No, cap rate and Return on Investment (ROI) are different real estate investment analysis metrics. Cap rate is a measure that shows the potential rate of return on a real estate investment based on the income the property is expected to generate. Conversely, ROI is a more general measure used in finance that calculates the percentage return on an investment relative to the investment’s cost.

### Why is a lower cap rate better?

A lower cap rate isn’t necessarily better. The cap rate can be seen as the risk premium for investing in a property. A higher cap rate may indicate a higher risk associated with the investment (and thus a higher potential return). In comparison, a lower cap rate suggests lower risk (and hence lower potential returns). Therefore, whether a high or low cap rate is ‘better’ depends on an investor’s risk tolerance and investment strategy.

### How does the time value of money affect the cap rate?

The cap rate doesn’t directly consider the time value of money. It’s a static metric that provides an instantaneous snapshot of a property’s potential return based on its net operating income and market value. On the other hand, metrics like the Internal Rate of Return (IRR) do consider the time value of money, providing a more comprehensive view of an investment’s potential over time.

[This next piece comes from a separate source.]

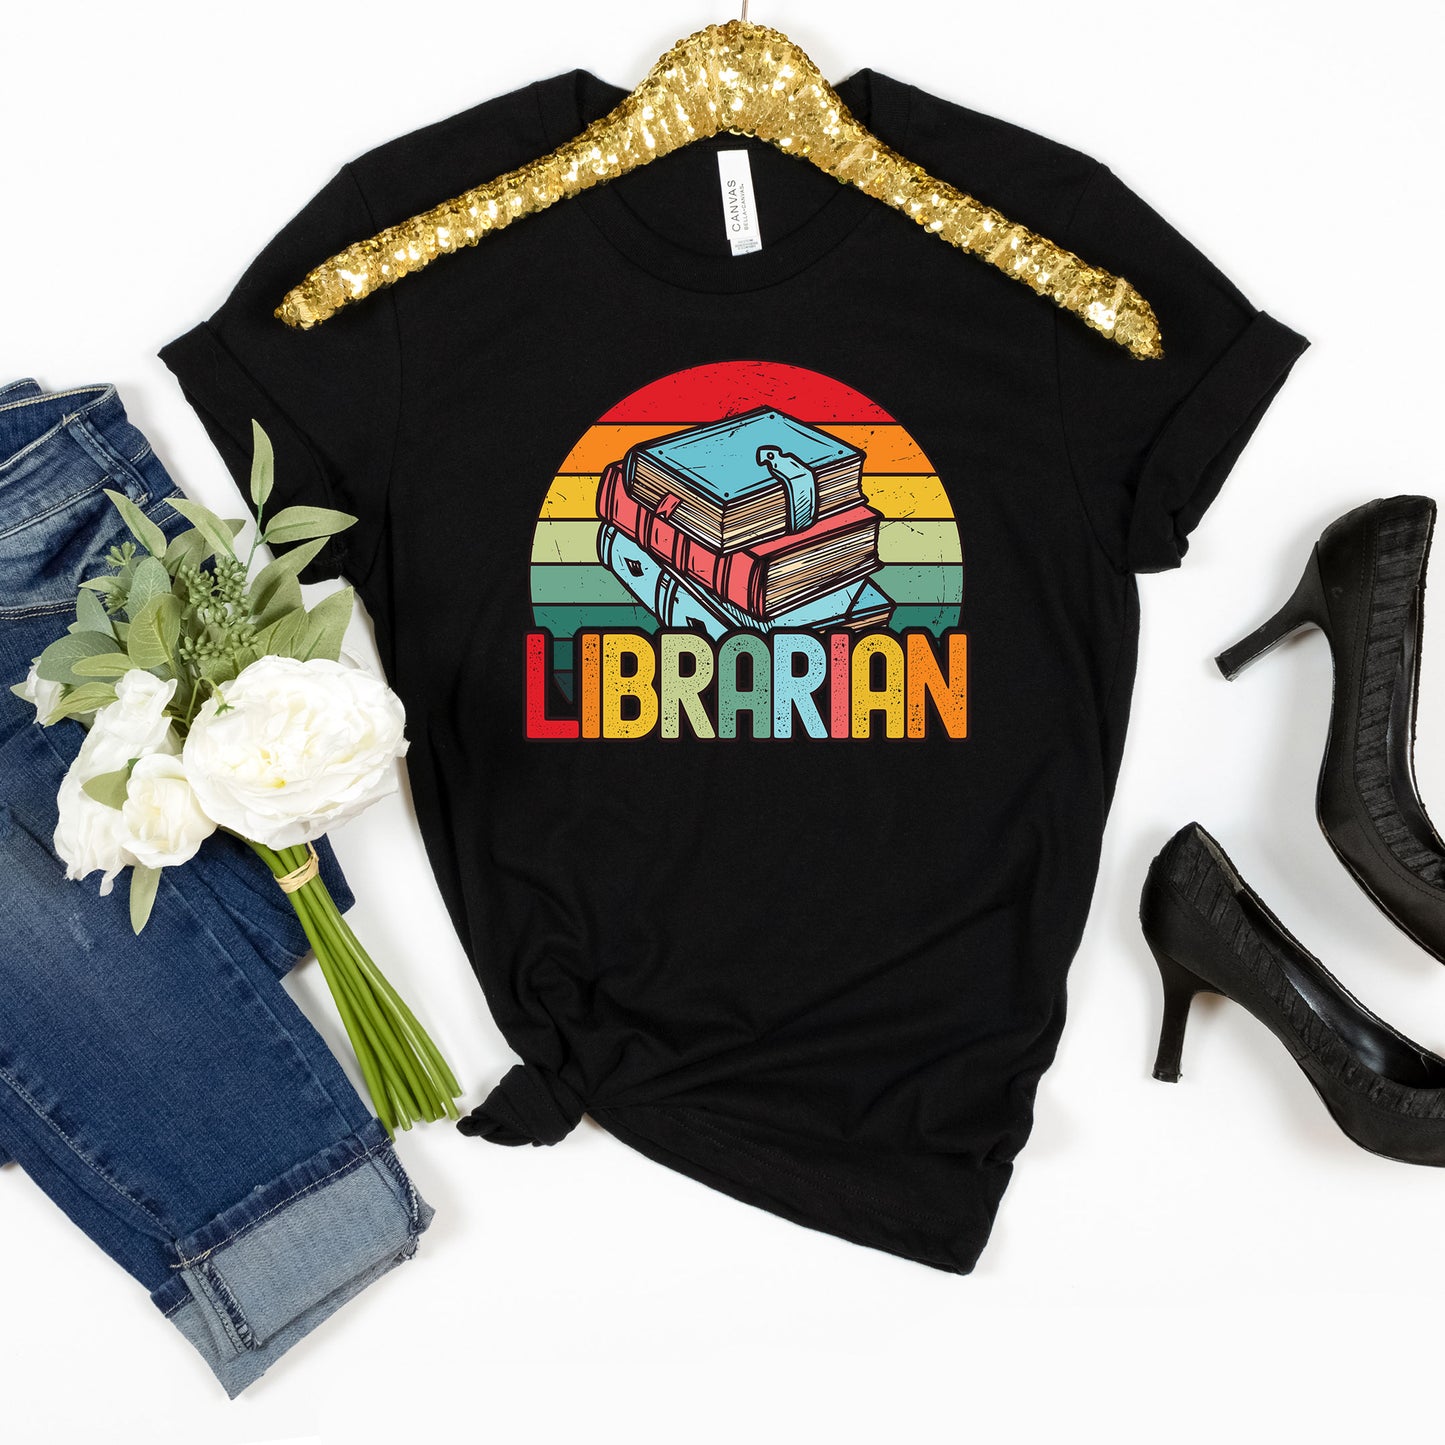 Librarian Shirt, Book Lover T-shirt, Sunset Retro Vintage Tee, Gift For Librarian, Library Book Reader Shirt, Reading Book Lover Nerd Shirt

### Can you use cap rate and IRR together to analyze an investment?

Absolutely! It’s beneficial to use both these metrics together when analyzing a potential investment. While the cap rate can give you a quick snapshot of a property’s earning potential, the IRR provides a more in-depth look by considering the timing of cash flows and the time value of money. By using both, you can gain a well-rounded understanding of a property’s potential profitability.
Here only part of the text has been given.